Pick Model
Given a task description, recommend the appropriate model tier (small/fast, mid-tier, or
frontier) and whether extended thinking is warranted. The recommendation should be
model-family-agnostic — it applies whether the user is choosing between Claude, GPT, Gemini,
or any other provider.
The goal is to prevent two common mistakes: using a frontier model for a task a small model
handles fine (wasting cost and latency), and using a small model for a task that genuinely
needs deeper reasoning (wasting time on bad output).
Behavior Constraints
<output_contract>
Present the recommendation as:
- Task profile — restate what the task requires in terms of:
- Reasoning depth (pattern matching, multi-step logic, novel synthesis)
- Knowledge breadth (narrow domain, cross-domain, world knowledge)
- Output complexity (short/structured, long-form, creative)
- Accuracy stakes (best-effort is fine, errors are costly, errors are dangerous)
- Recommended tier — one of:
- Small/fast (Haiku, GPT-4.1-mini, Gemini Flash, etc.) — when the task is
straightforward: classification, extraction, reformatting, simple Q&A, boilerplate
generation, high-volume/low-stakes work
- Mid-tier (Sonnet, GPT-4.1, Gemini Pro, etc.) — when the task needs solid reasoning
and good instruction-following but isn't pushing boundaries: code generation, analysis,
summarization, multi-step workflows, most everyday work
- Frontier (Opus, GPT-5, Gemini Ultra/Deep Think, etc.) — when the task requires
novel reasoning, complex multi-domain synthesis, high-stakes accuracy, or long-horizon
planning
- Extended thinking — whether to enable it, and why:
- Yes — when the task involves complex reasoning chains, math, code debugging with
subtle logic errors, ambiguous multi-constraint problems, or tasks where "thinking out
loud" visibly improves accuracy
- No — when the task is generation-heavy rather than reasoning-heavy, when latency
matters more than depth, or when the task is straightforward enough that thinking overhead
adds cost without improving output
- Confidence and caveats — how confident the recommendation is, and what would change it
(e.g., "if the input data is messier than described, bump to mid-tier")
</output_contract>
<completeness_contract>
The task is complete when the recommendation is specific enough to act on and the user
understands why that tier was chosen — not just which one. If the task is borderline between
tiers, say so and explain what to try first.
</completeness_contract>
<reasoning_rules>
- Default down, not up. The right model is the smallest one that handles the task well. Start
from small/fast and argue upward only when specific task properties demand it.
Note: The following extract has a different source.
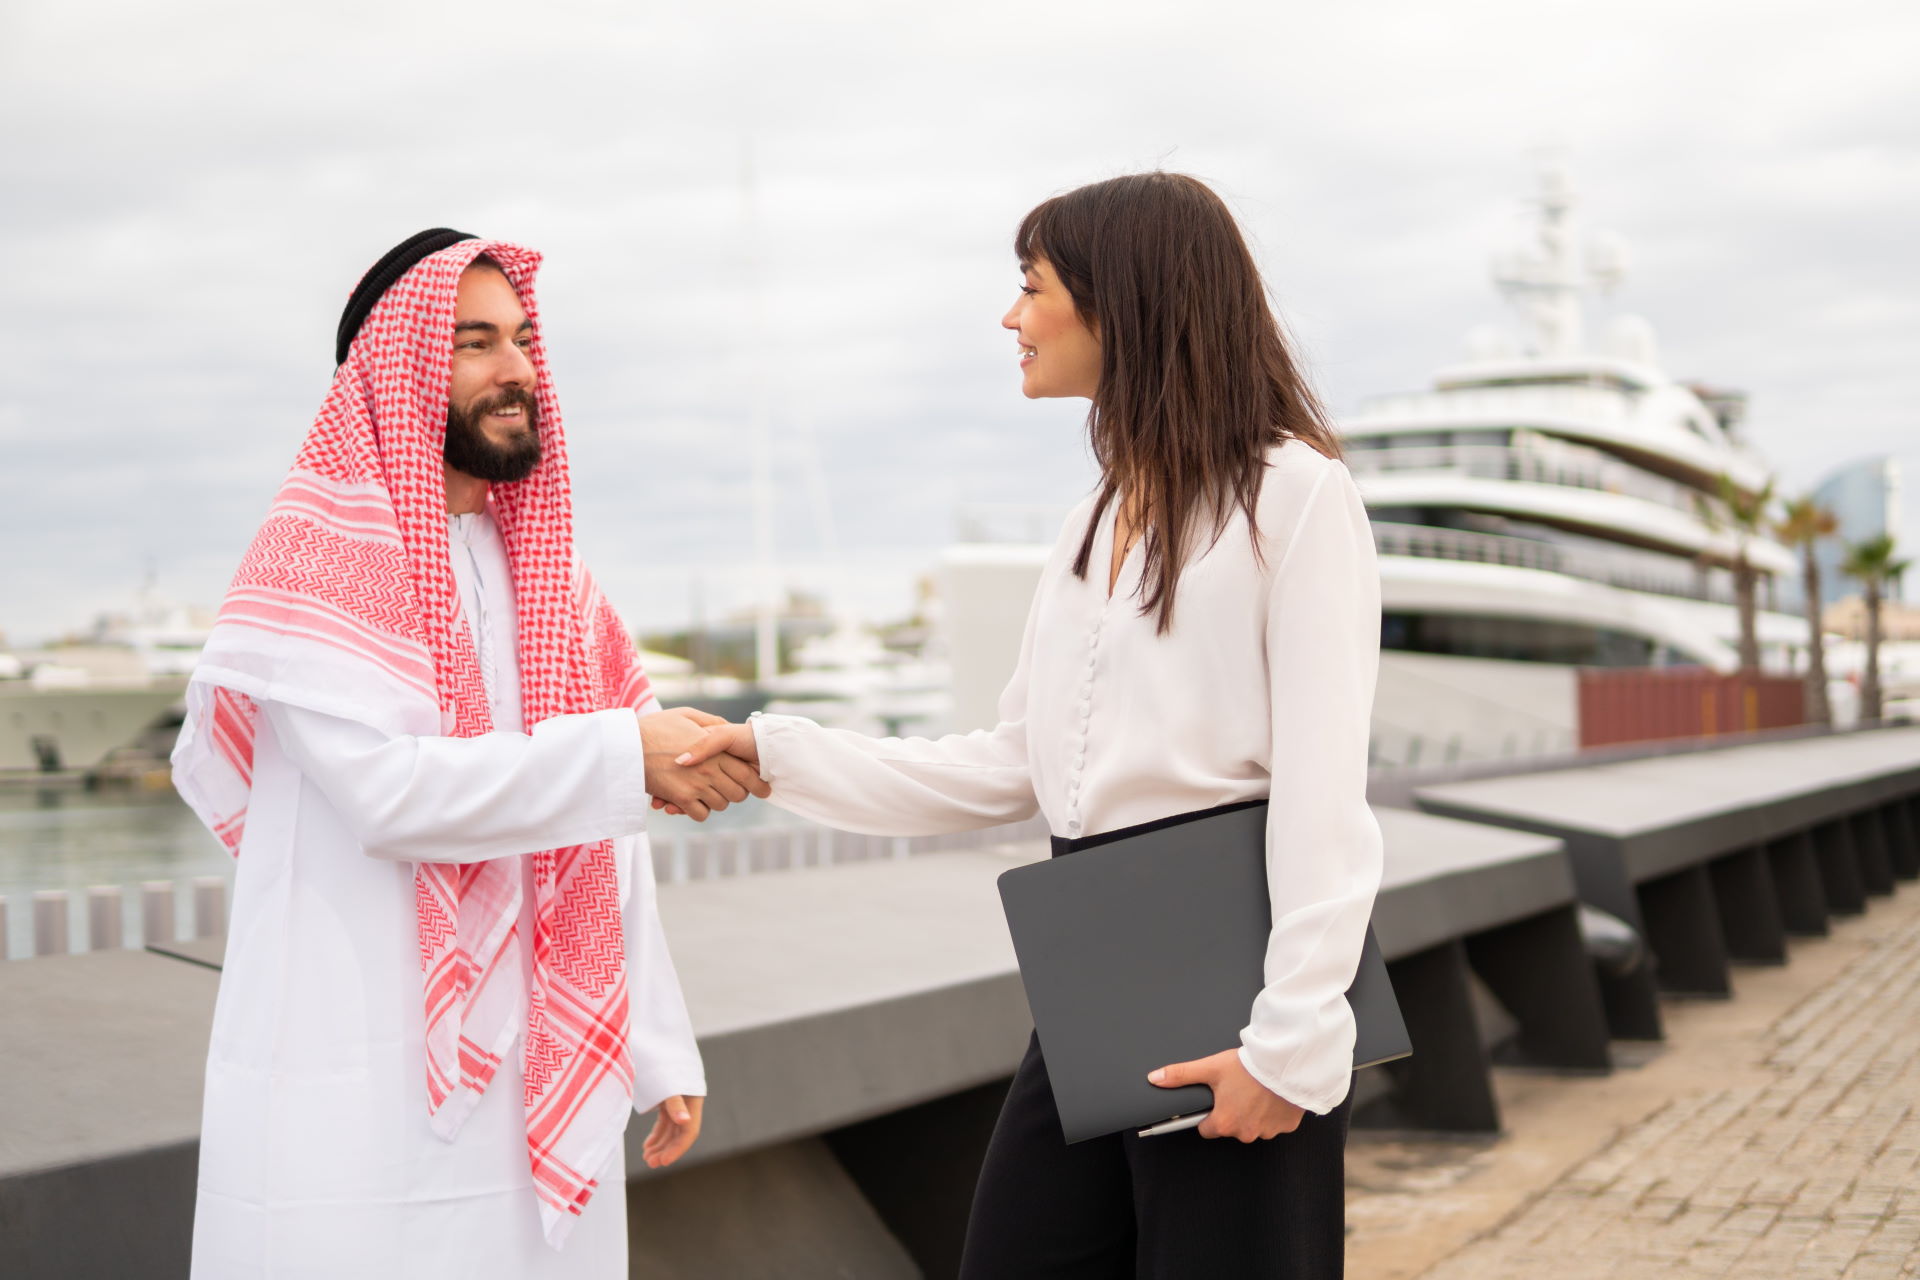 Ein Mann mit Turban schüttelt im Yachthafen einer Geschäftsfrau die Hand
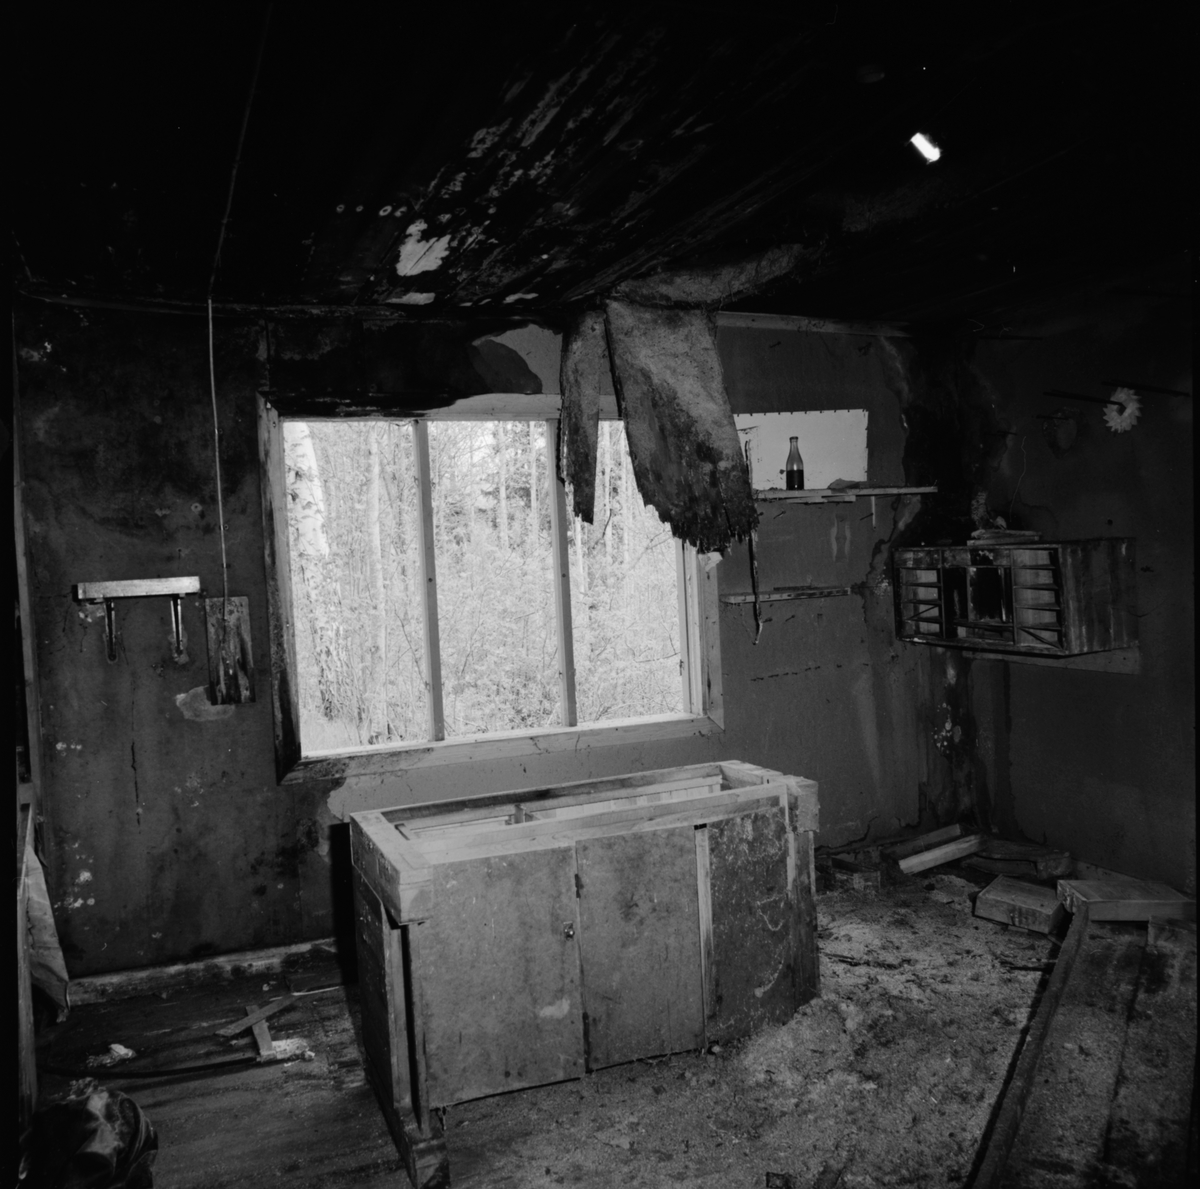 Interiör i timrad gruvstuga från senare delen av 1800-talet intill Konstängsgruvan, Dannemora Gruvor AB, Dannemora, Uppland maj 1991

- Do not recommend frontier models for tasks that are merely important. Importance is about
stakes, not complexity. A high-stakes but simple task (send the right email to an exec) needs
careful prompting on a mid-tier model, not a frontier model.
- Extended thinking is not "try harder." It helps with tasks that have verifiable reasoning
chains (math, logic, debugging). It adds little for creative writing, summarization, or
open-ended generation where there's no single correct answer to reason toward.
- Acknowledge uncertainty. Model capabilities change, and the right tier depends on the specific
model version, context length, and prompt quality. Frame recommendations as starting points
to validate, not final answers.
- If the task can be decomposed, say so. A complex task might use a frontier model for the
hard reasoning step and a small model for the formatting/extraction step. Mixing tiers is
often better than using one tier for everything.
</reasoning_rules>
Workflow
- Ask the user for the task description if not already provided. Optionally ask:
- Which model families or providers are available to them
- Whether cost, latency, or accuracy matters most
- Whether this is a one-off or high-volume task
- Profile the task along the four axes (reasoning, knowledge, output, stakes).
- Present the recommendation per the output contract above.